Saturday, July 16, 2011

How You Can Use Amazon's Mechanical Turk for Business

Perfect for tedious tasks, Amazon's Mechanical Turk may be the perfect alternative to hiring temporary workers for singular projects.

Think back to the last time you had a task for which you would've loved to have had an army of workers. Perhaps you had to sort through thousands of articles looking for something specific, or you had to transcribe hours of audio recordings, or you had to check for duplicate records in a database of thousands of entries. Or perhaps you saw an opportunity in the market that would have required you to mobilize hundreds of people to help you in a short amount of time.

Until now, you've had three choices: hire temporary workers, which can be messy and inefficient, overburden your staff or, worse, let the opportunity slip away.

That's why Mechanical Turk, the web service from Amazon.com, one of the most trusted brands online, is so interesting to business owners. Mechanical Turk is an online marketplace for temporary workers.
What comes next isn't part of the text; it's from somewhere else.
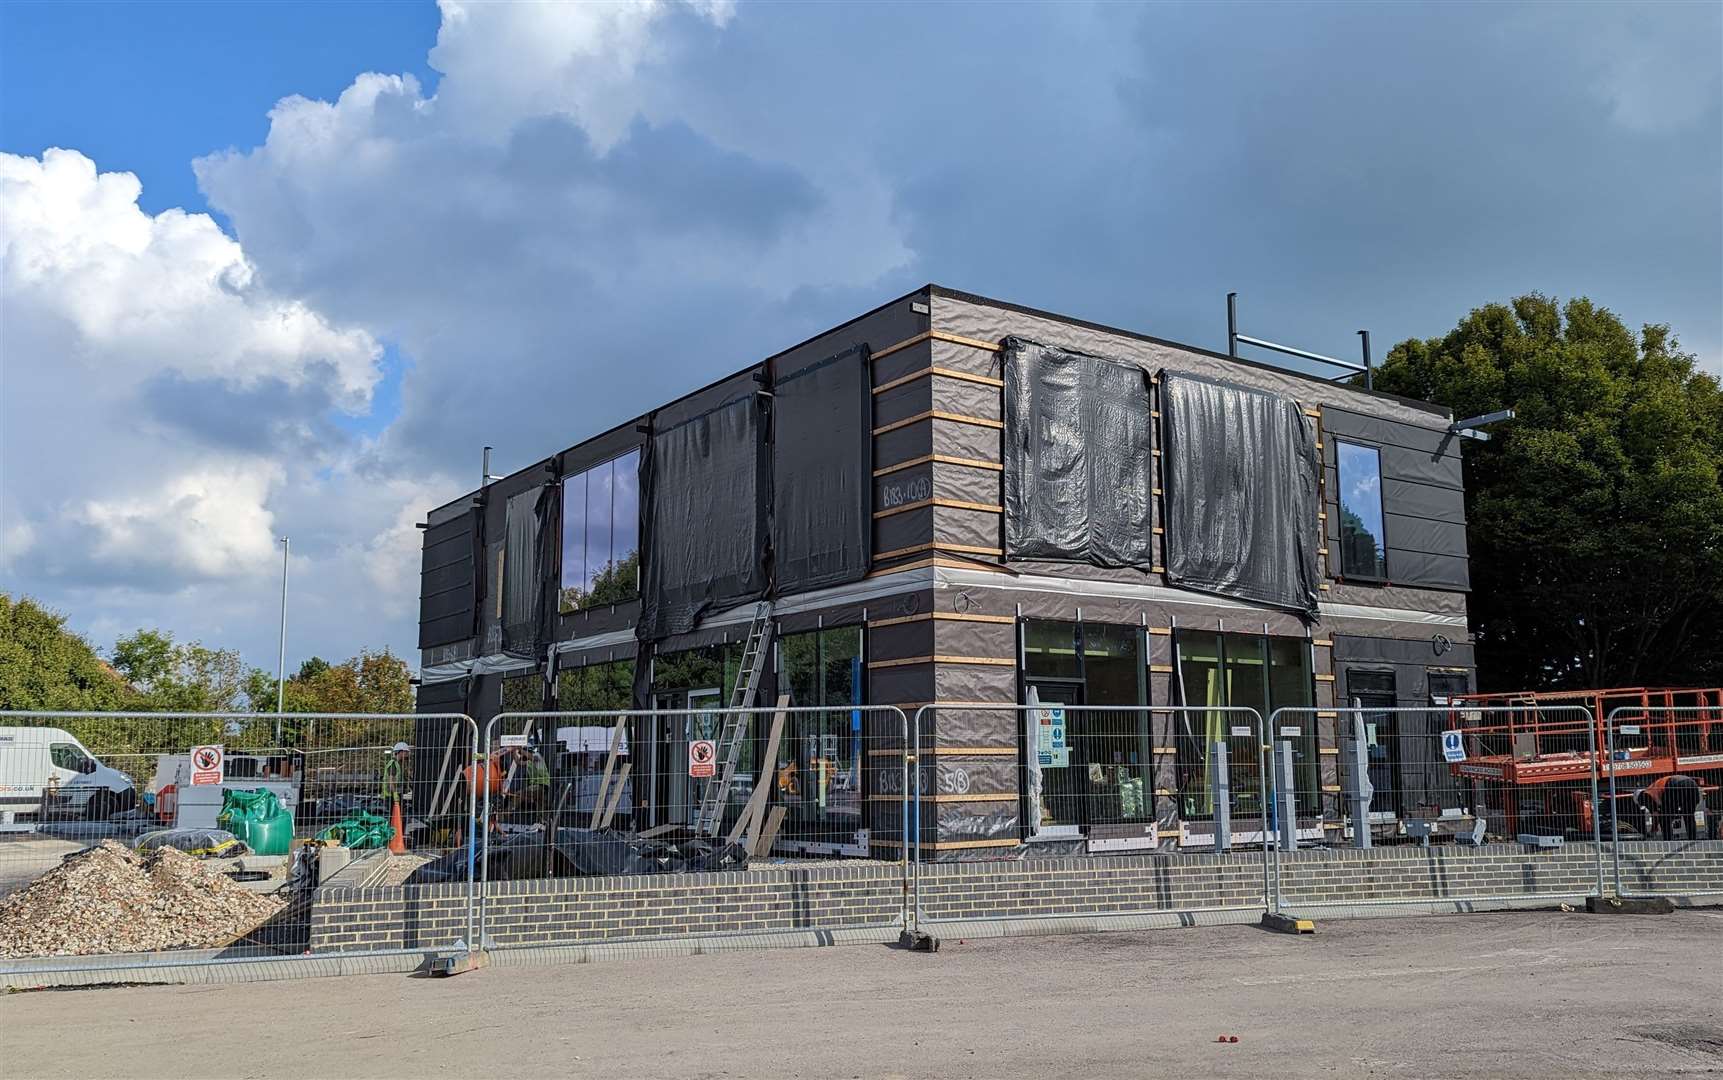 Building work is taking place at the new McDonald's restaurant and drive-thru in the car park of the Tesco supermarket in Cheriton

Using your Amazon account, you can hire workers to complete tasks that a computer can't do efficiently.

Here's how Amazon describes the inspiration for the name "Mechanical Turk":

"In 1769, Hungarian nobleman Wolfgang von Kempelen astonished Europe by building a mechanical chess-playing automaton that defeated nearly every opponent it faced. A life-sized wooden mannequin, adorned with a fur-trimmed robe and a turban, Kempelen's 'Turk' was seated behind a cabinet and toured Europe confounding such brilliant challengers as Benjamin Franklin and Napoleon Bonaparte. To persuade skeptical audiences, Kempelen would slide open the cabinet's doors to reveal the intricate set of gears, cogs and springs that powered his invention. He convinced them that he had built a machine that made decisions using artificial intelligence. What they did not know was the secret behind the Mechanical Turk: a chess master cleverly concealed inside."

The point, of course, is that a lot can be accomplished when real human beings are working behind the scenes.
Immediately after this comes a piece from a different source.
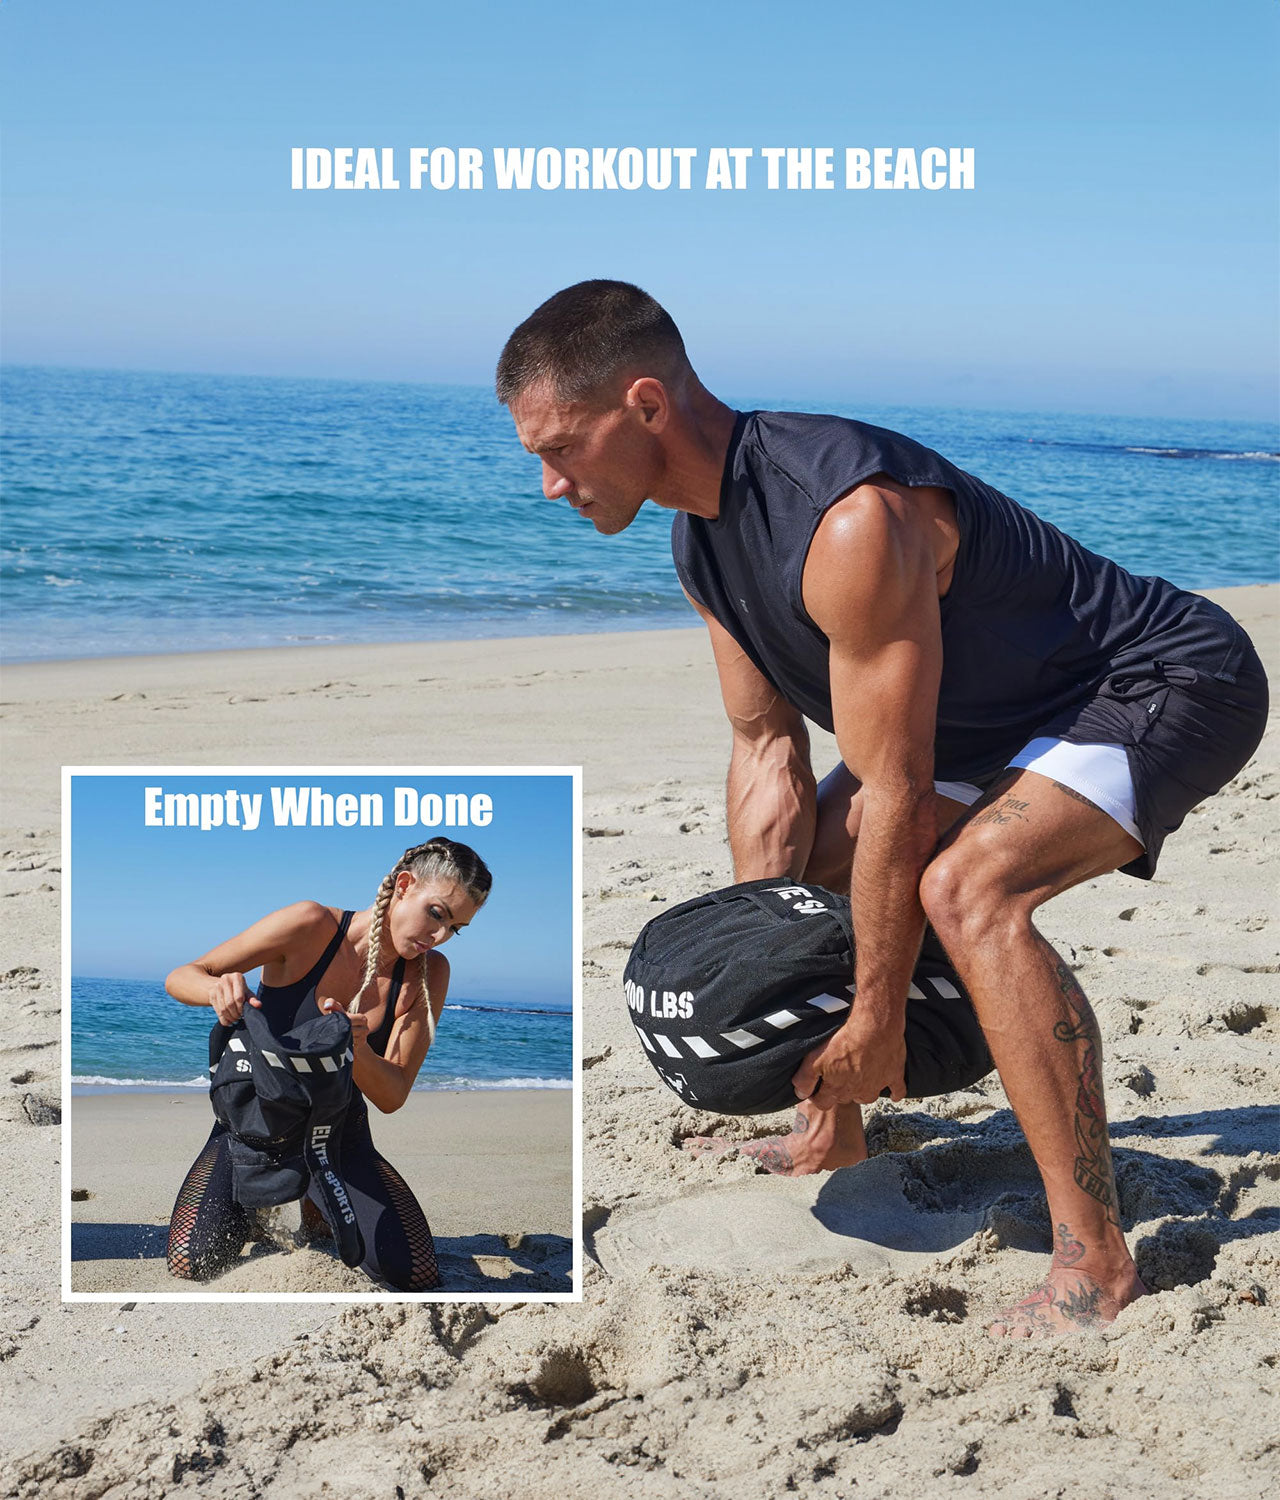 Elite Sports Set of 3 - Core Round Workout Sandbags Ideal For Workout At the Beach

To use Mechanical Turk, you post your task (Amazon uses the catchy acronym "HIT," which stands for "human intelligence tasks") into the online marketplace and pick a price (minimum 5 cents per task) for your HIT. Workers–people from around the world looking to make a little extra money from home in their spare time–can then view your request.

I experimented with the site and saw basic HITs, like tagging a database of images for 5 cents per HIT all the way up to translating a block of 10 Japanese sentences into English for $1 each.

Businesses have been taking advantage of remote work forces for years. Jet Blue famously staffs its reservations lines with a network of home-based workers spread throughout the U.S. While sites like eLance.com have allowed businesses to hire a flexible work force for projects, Mechanical Turk is unique in that it focuses on providing an answer to the mundane, rote tasks that are so hard on a business's permanent staff.

What opportunities could you chase if you had access to hundreds of workers in minutes?